- Your instructions
Here the job is to retype the data word for word while leaving the pictures aside.

- Provided data
- - - -

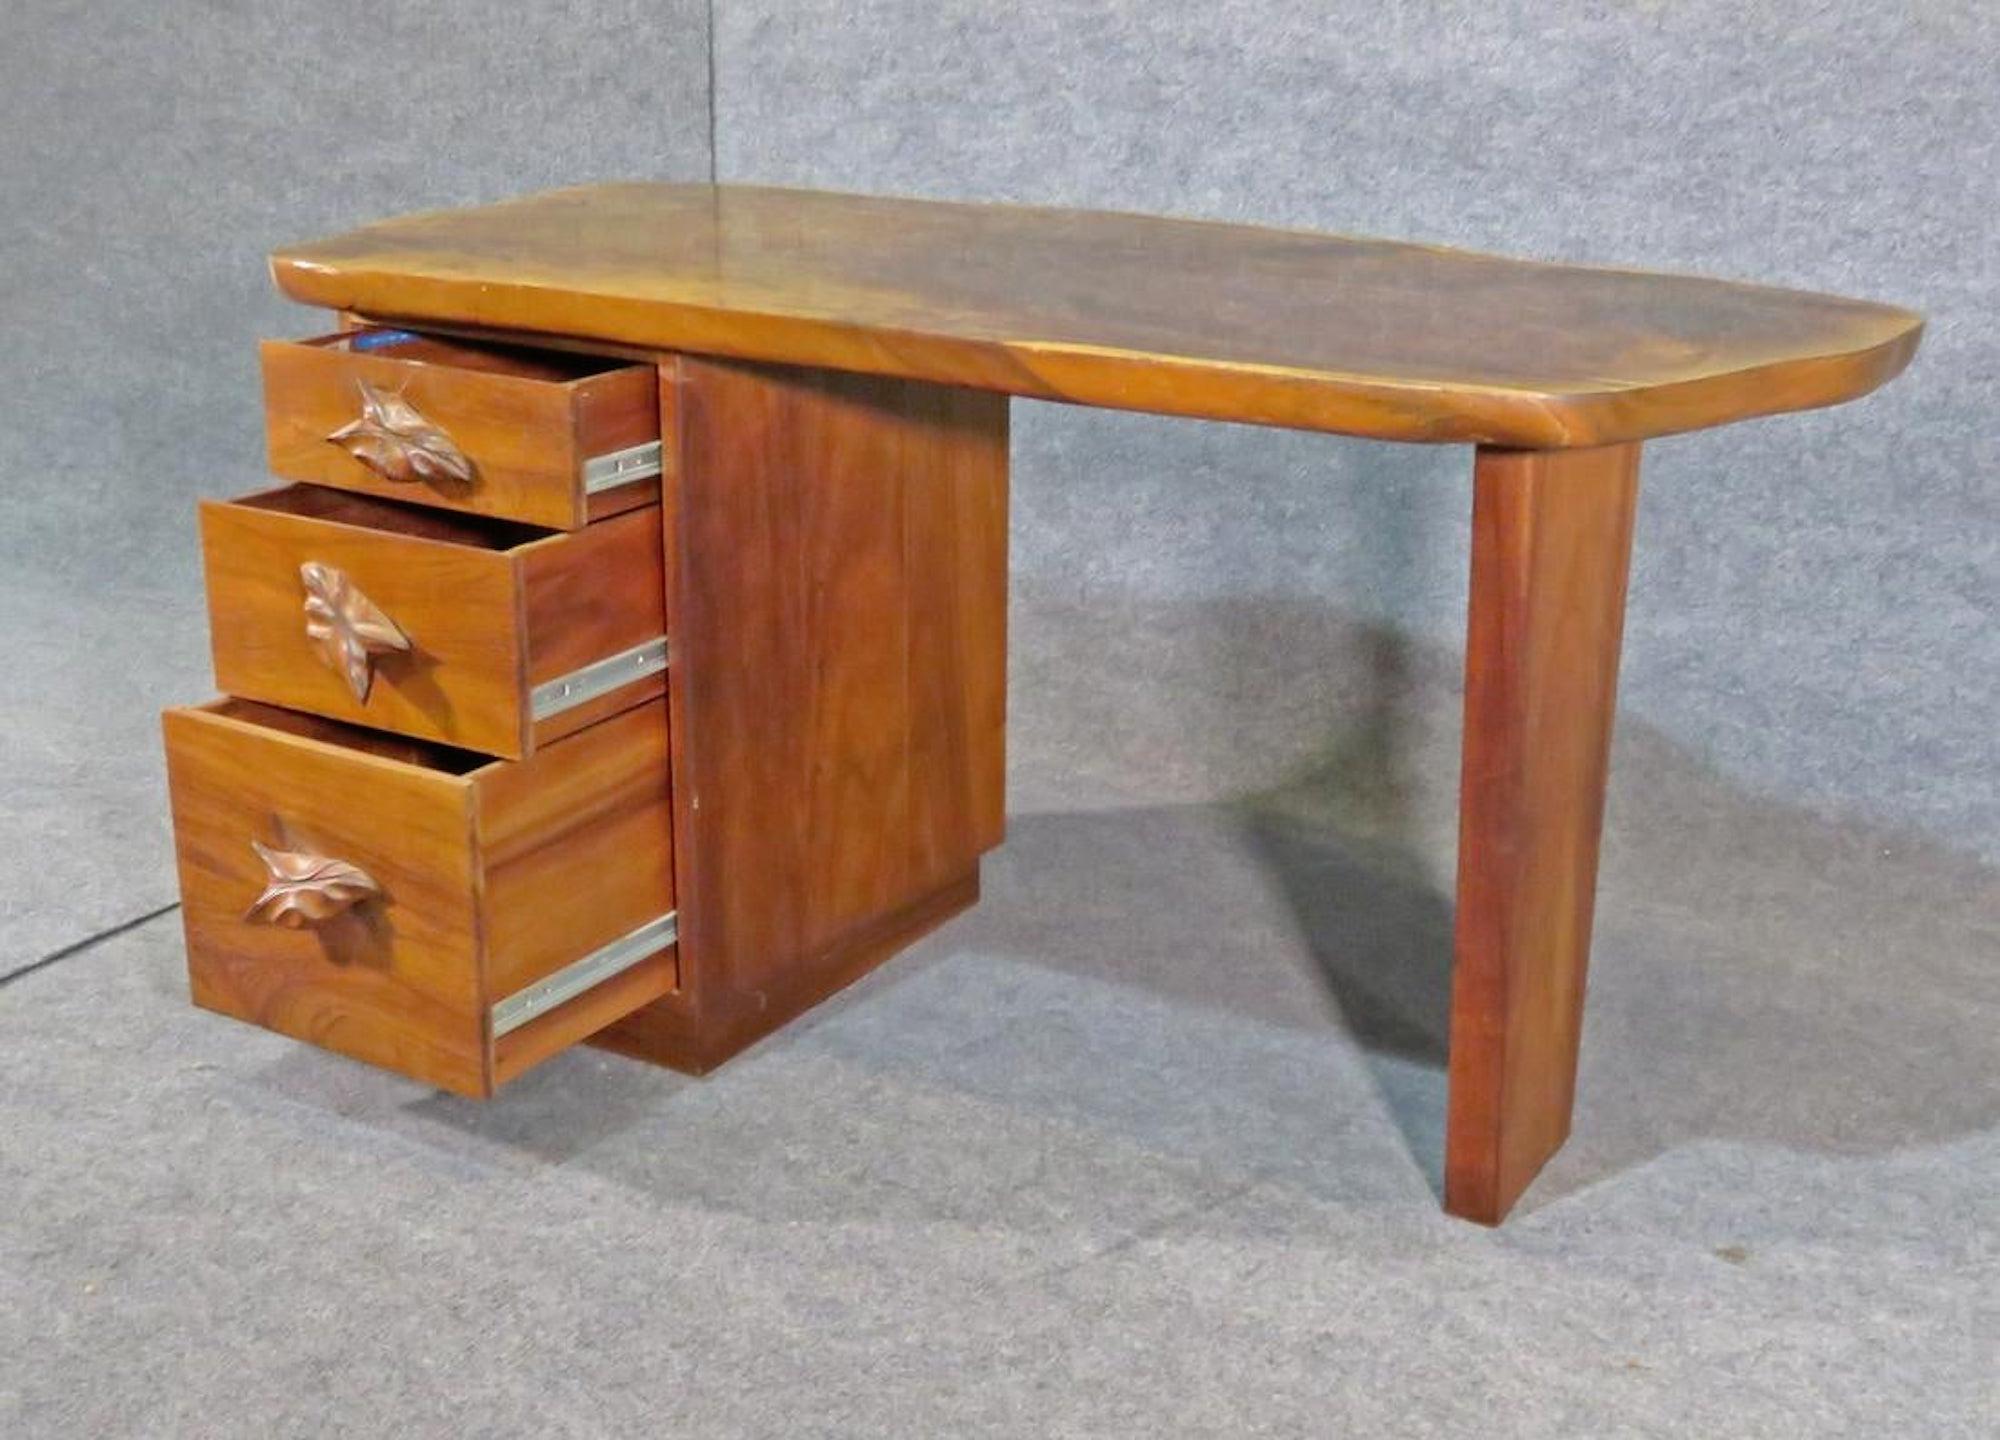 Mid-Century Modern style desk with decorative leaf handles and large tree slab top.
(Please confirm item location - NY or NJ - with dealer).
 
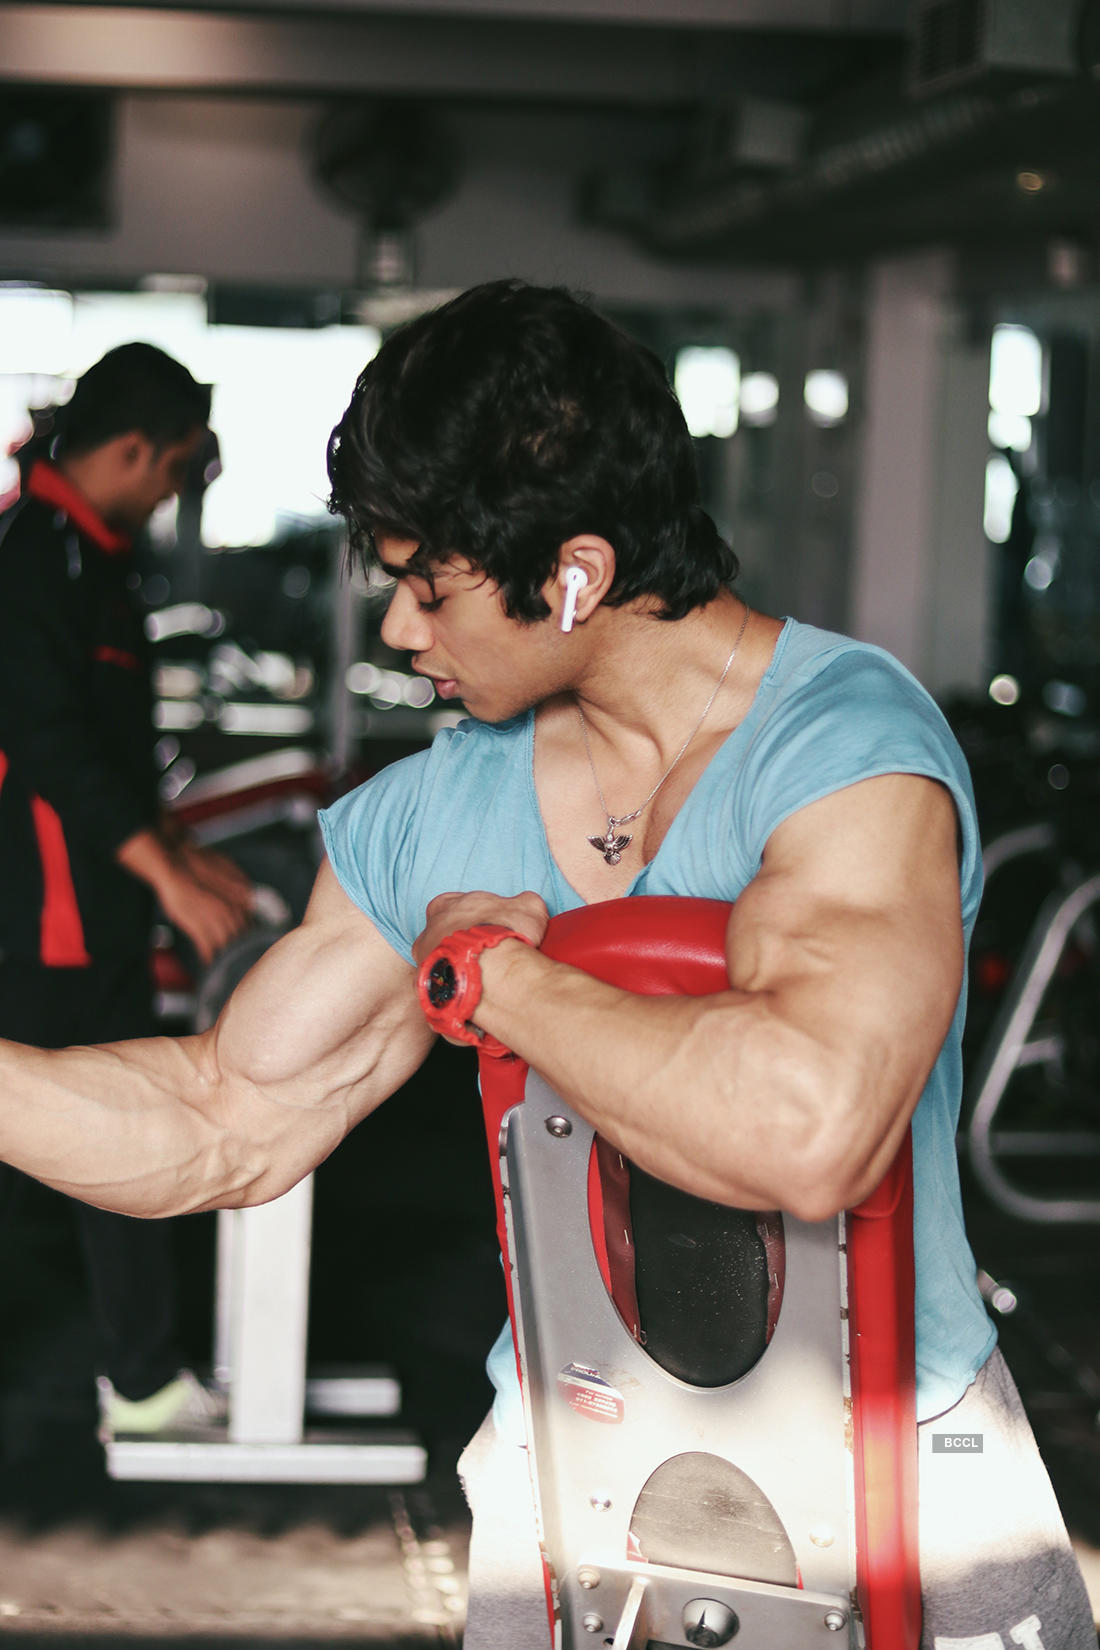 Fitness enthusiast Vasu Mittal opens up on use of steroids in bodybuilding...
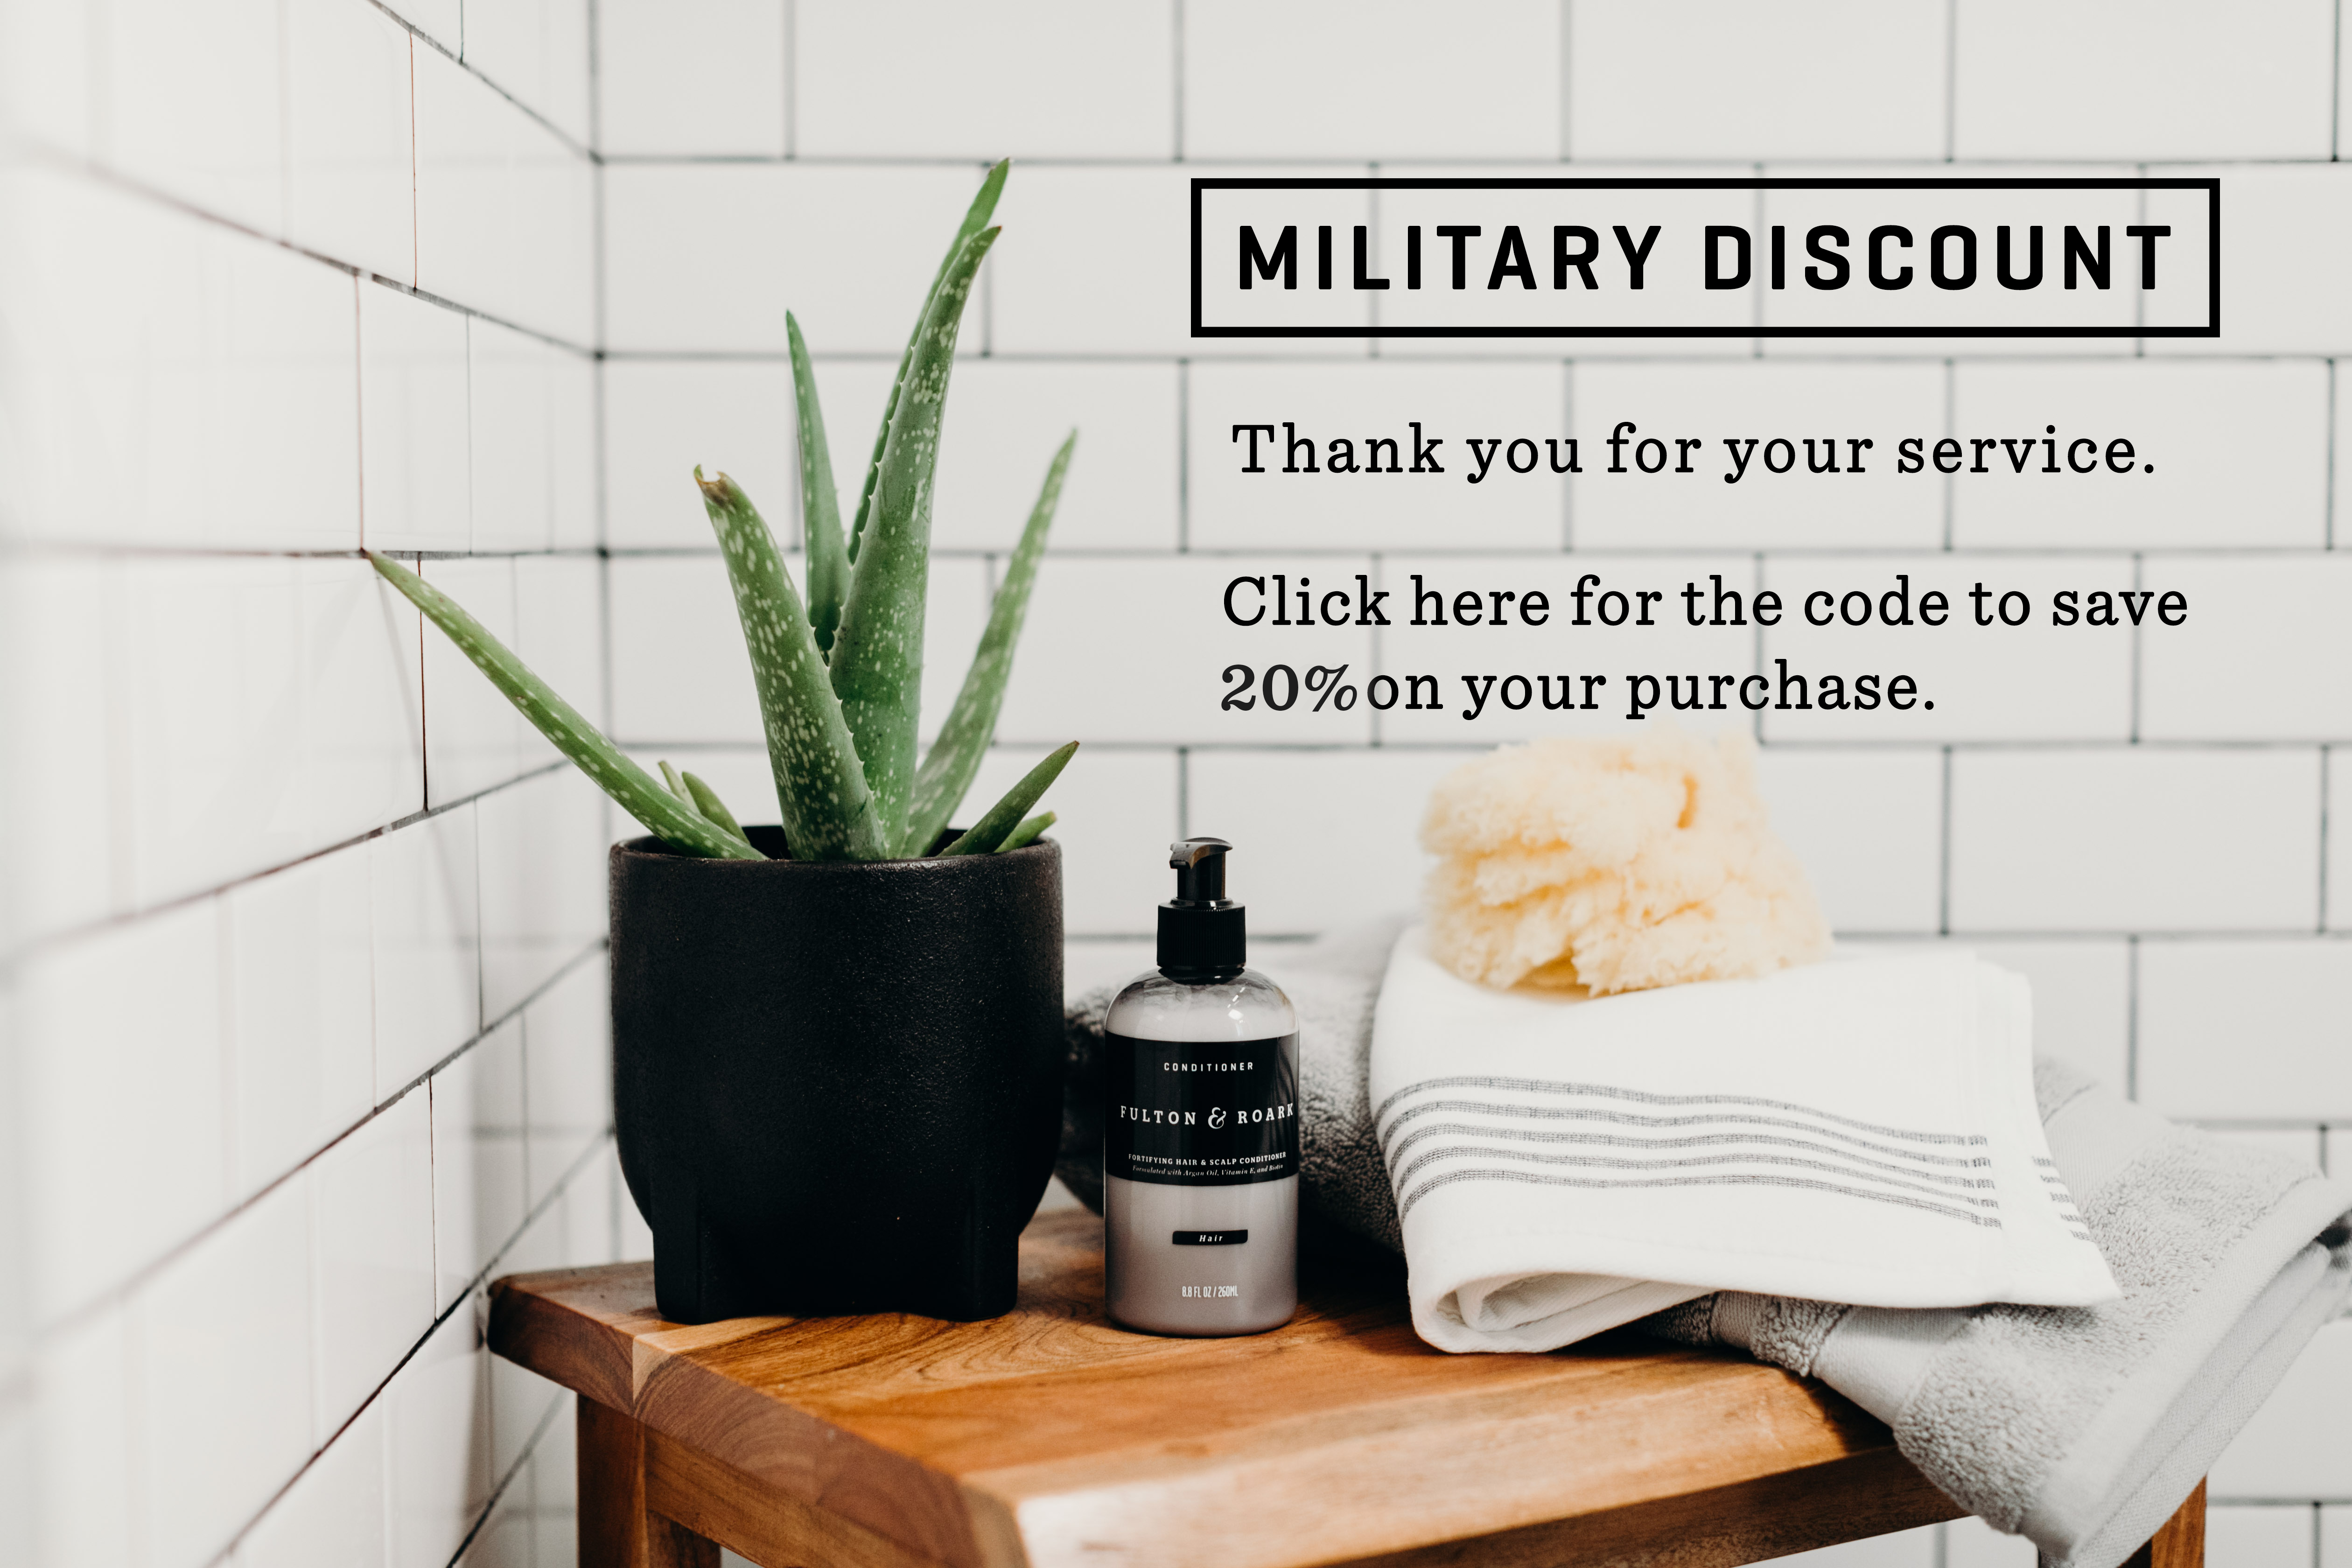 Military Discount. Thank you for your service. Click here for the code to save 20% on your purchase.

- - - -

- Task response
 Mid-Century Modern style desk with decorative leaf handles and large tree slab top.
(Please confirm item location - NY or NJ - with dealer).
 
 Fitness enthusiast Vasu Mittal opens up on use of steroids in bodybuilding...
 Military Discount. Thank you for your service. Click here for the code to save 20% on your purchase.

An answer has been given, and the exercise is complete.